ADAMTS: a disintegrin and metalloproteinase with thrombospondin motifs; DAPI: 4',6-diamidino-2-phenylindole dihydrochloride; DMEM: Dulbecco's Modified Eagle's Medium; DMMB: dimethylmethylene blue; ECF: enhanced chemifluorescence; ECM: extracellular matrix; FITC: fluoroscein isothiocyanate; HEPES: N-(2-hydroxyethyl)-piperazine-N'-2-ethanesulfonic acid; IL-1: interleukin-1; MMP: matrix metalloproteinases; NBF: neutral buffered formalin; NEAA: non-essential amino acids; PBS: phosphate buffered saline; rh: human recombinant; sGAG: sulfate glycosaminoglycans; TNF: tumor necrosis factor.

Competing interests

FZ was an employee of Roche-Palo Alto when the studies were performed.
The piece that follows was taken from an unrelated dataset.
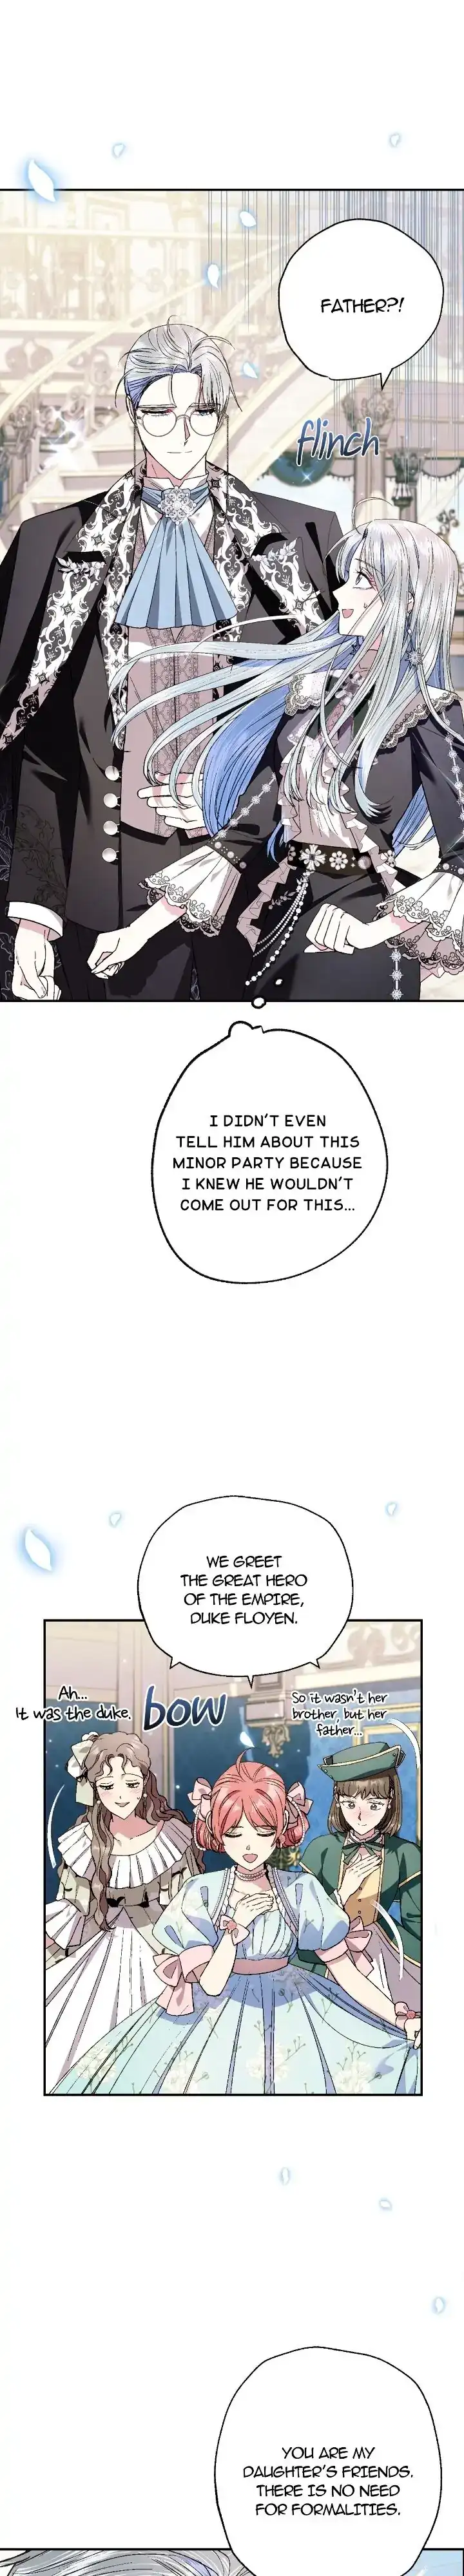 Father, I Don’t Want to Get Married!  - page 3

All authors declare that they have no competing interests.

Authors' contributions

CGW carried out the culture studies and performed the biochemical assays and mechanical testing. EJV participated in tissue isolation and the immunofluorescence studies. FZ contributed inhibitors and technical support for the use of the inhibitors. JDS advised on the characterization of aggrecan cleavage products. CGW and MEL conceived of and designed the studies and performed the statistical analysis. CGW, MEL, and JDS wrote the manuscript. All authors read and approved the final manuscript.

Acknowledgements

The authors would like to thank Dr. Larry Fischer for generously providing the decorin antiserum. This work was supported by NIH grant number R01AR052861 from NIAMS, by an Arthritis Foundation Arthritis Investigator grant, by the ERC program of the NSF under award number EEC-9731643 (Georgia Tech/Emory Center (GTEC) for the Engineering of Living Tissues) (MEL), by graduate fellowships from the Cellular and Tissue Engineering Training Grant Program (NIH award number 5 T32 GM008433-13), Medtronic, and the George Family (CGW), and by Roche-Palo Alto. The study was also supported by grants from the Shriners of North America and the Arthritis Foundation to JDS.